Connecting OpenTelemetry Traces to Prometheus
Convert operation traces into aggregated metrics for a broader view of your graph's performance
Operation traces provide insight into performance issues that are occurring at various execution points in your graph. However, individual traces don't provide a view of your graph's broader performance.
Helpfully, you can convert your operation traces into aggregated metrics without requiring manual instrumentation. To accomplish this, we'll use spanmetricsprocessor
in an OpenTelemetry Collector instance to automatically generate metrics from our existing trace spans.

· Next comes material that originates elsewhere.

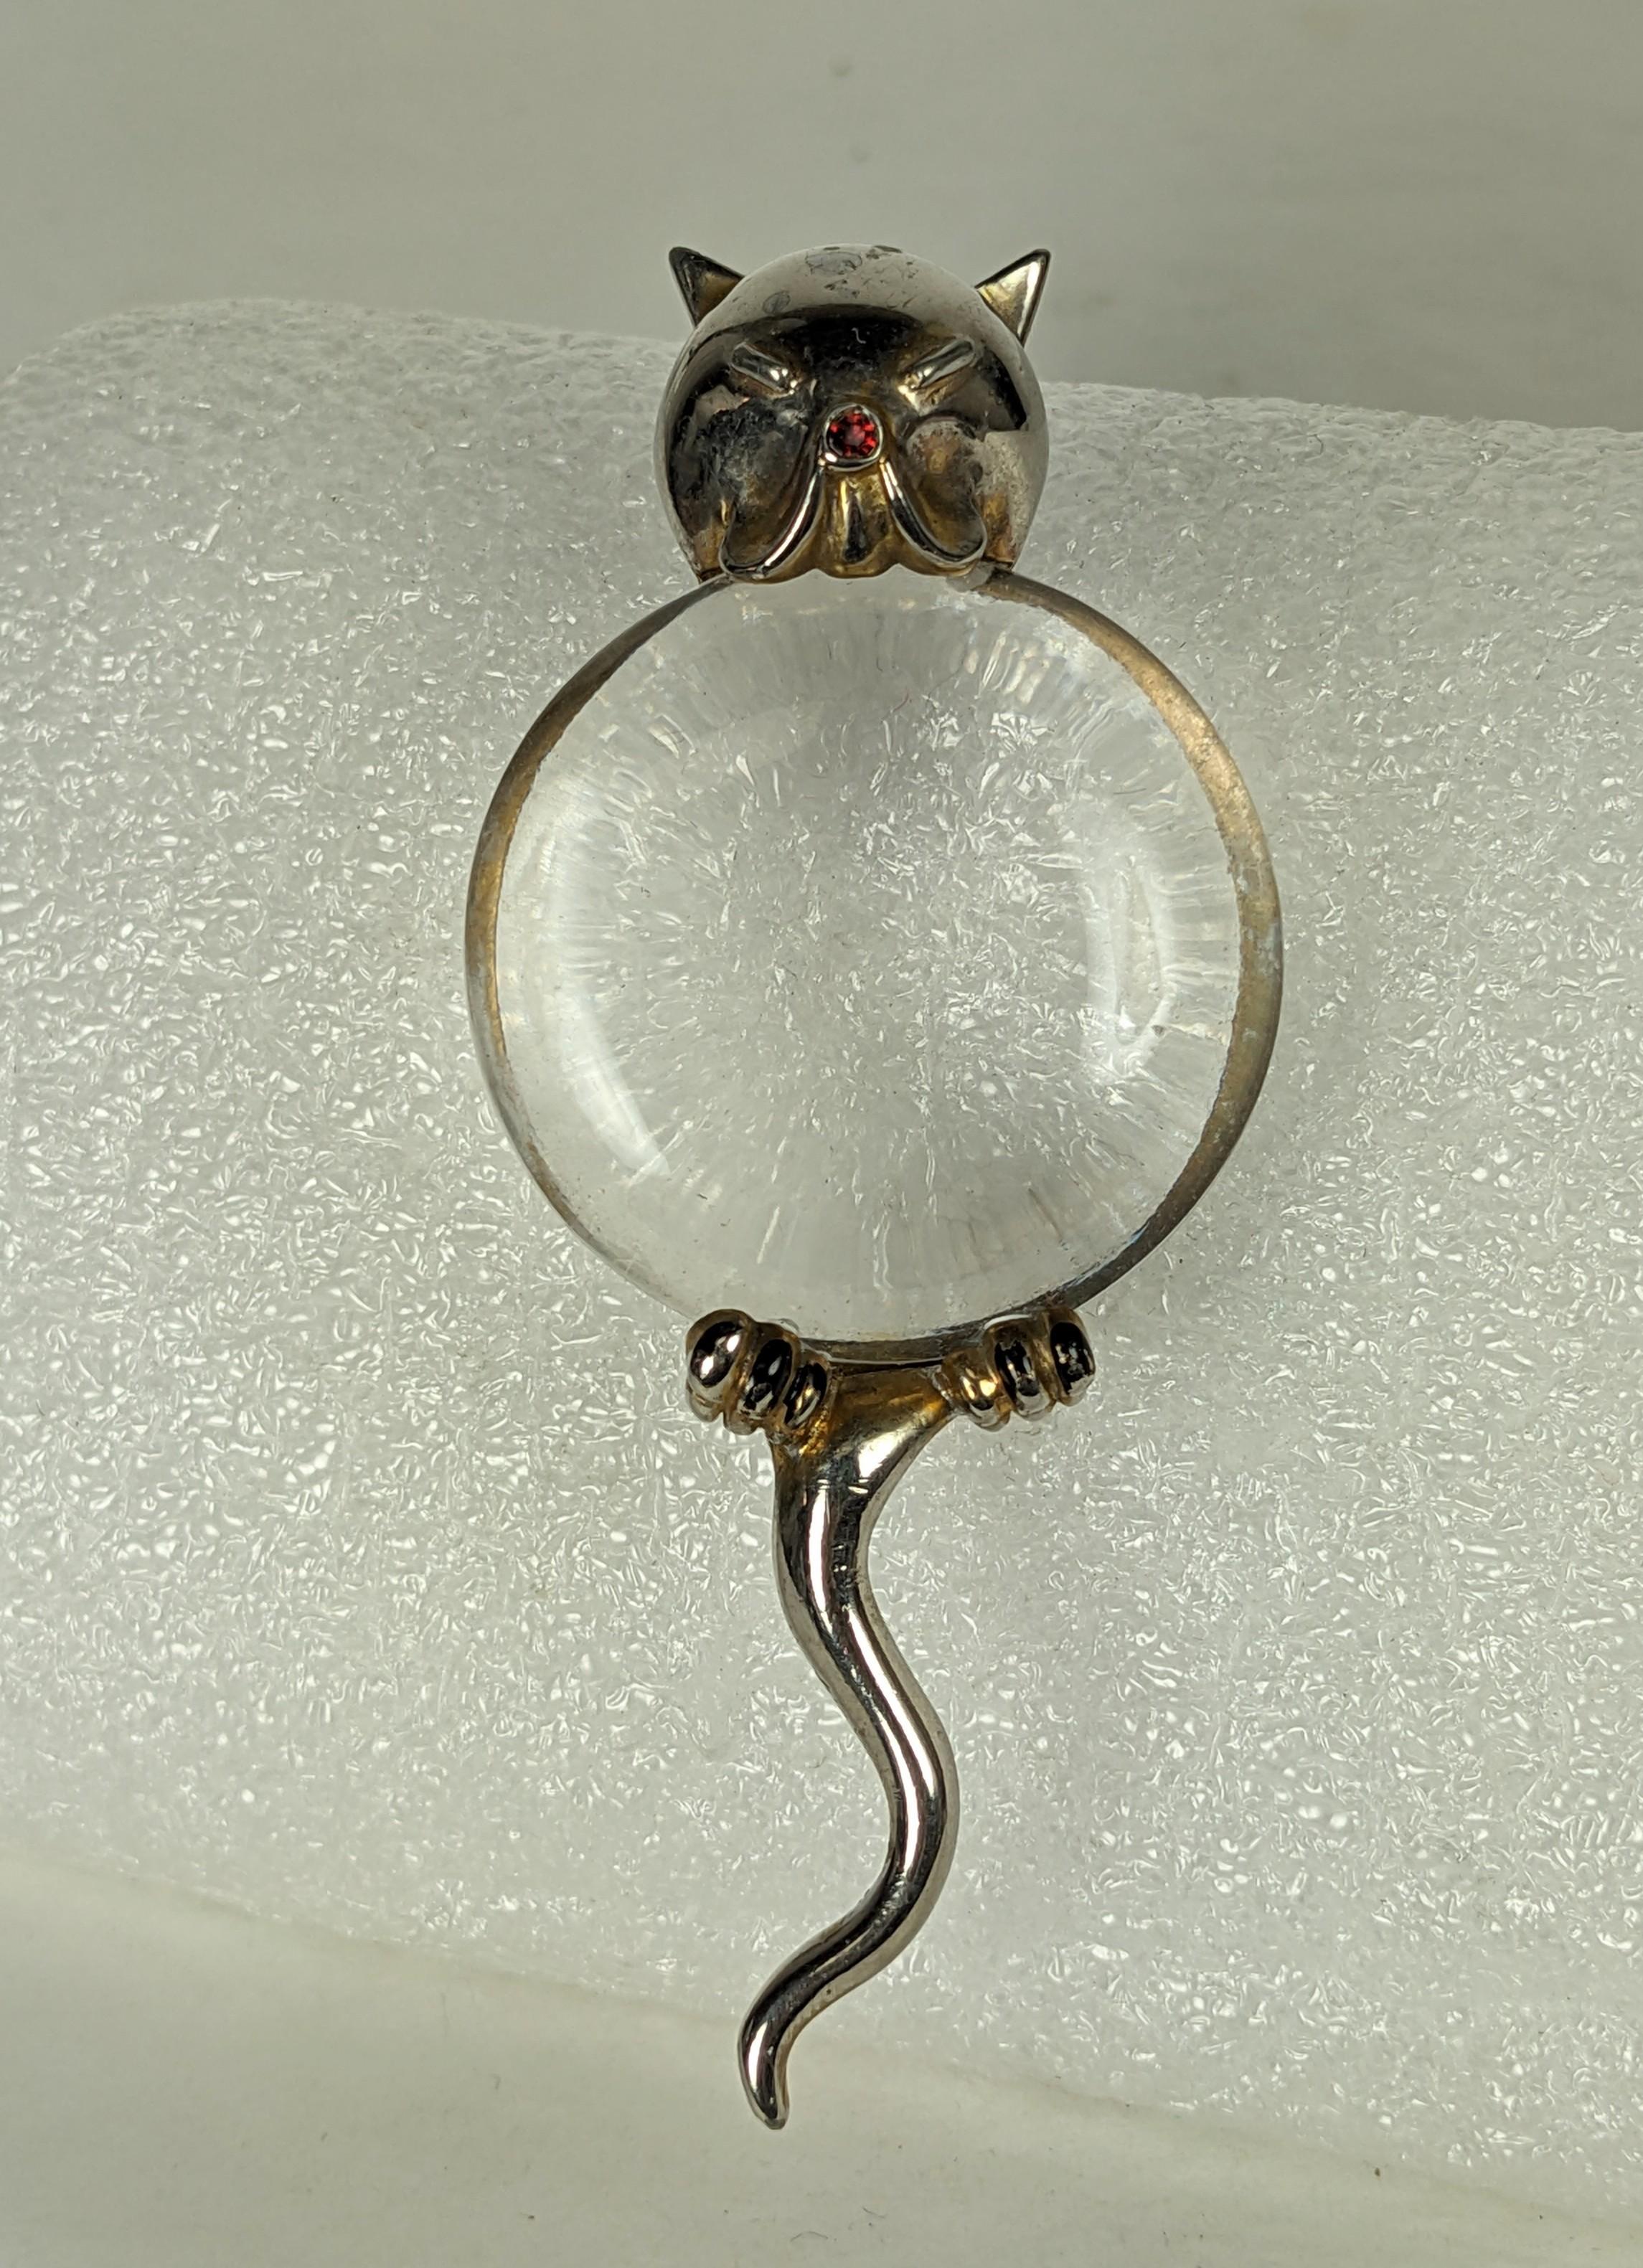 Charming, collectible Art Deco Jelly Belly Cat Brooch from the 1930's. Originally gold, it has worn to a rhodium finish so essentially silver toned. Lucite clear belly. 1930's USA. Unsigned. 3.5

OpenTelemetry Collector configuration
OpenTelemetry provides two different repositories for their OpenTelemetry Collector:
The core library
These repositories are similar in scope, but the contributor library includes extended features that aren't suitable for the core library. To derive performance metrics from our existing spans, we'll use the contributor library to take advantage of the spanmetricsprocessor
via the associated Docker image.
When your OpenTelemetry Collector is ready to run, you can start configuring it with this barebones example:
1receivers:
2 otlp:
3 protocols:
4 grpc:
5 http:
6 cors:
7 allowed_origins:
8 - http://*
9 - https://*
10 otlp/spanmetrics:
11 protocols:
12 grpc:
13 endpoint: 0.0.0.0:12346
14
15exporters:
16 prometheus:
17 endpoint: '0.0.0.0:9464'
18
19processors:
20 batch:
21 spanmetrics:
22 metrics_exporter: prometheus
23
24service:
25 pipelines:
26 traces:
27 receivers: [otlp]
28 processors: [spanmetrics, batch]
29 metrics:
30 receivers: [otlp/spanmetrics]
31 exporters: [prometheus]
32 processors: [batch]
Apollo Server setup
Add the OTLP Exporter (@opentelemetry/exporter-trace-otlp-http
Node package) following the same instructions as shown in the documentation for Apollo Server and OpenTelemetry.
GraphOS Router setup
To send traces from the GraphOS Router to OpenTelemetry Collector, see this article.
Prometheus setup
Lastly, we need to add the OpenTelemetry Collector as a target within Prometheus. It'll use the standard port for Prometheus metrics (9464
).
That's it- you should have access to span metrics using the same operation name!
Example queries
Here are a few sample queries to help explore the data structure being reported:
P95 by service:
histogram_quantile(.95, sum(rate(latency_bucket[5m])) by (le, service_name))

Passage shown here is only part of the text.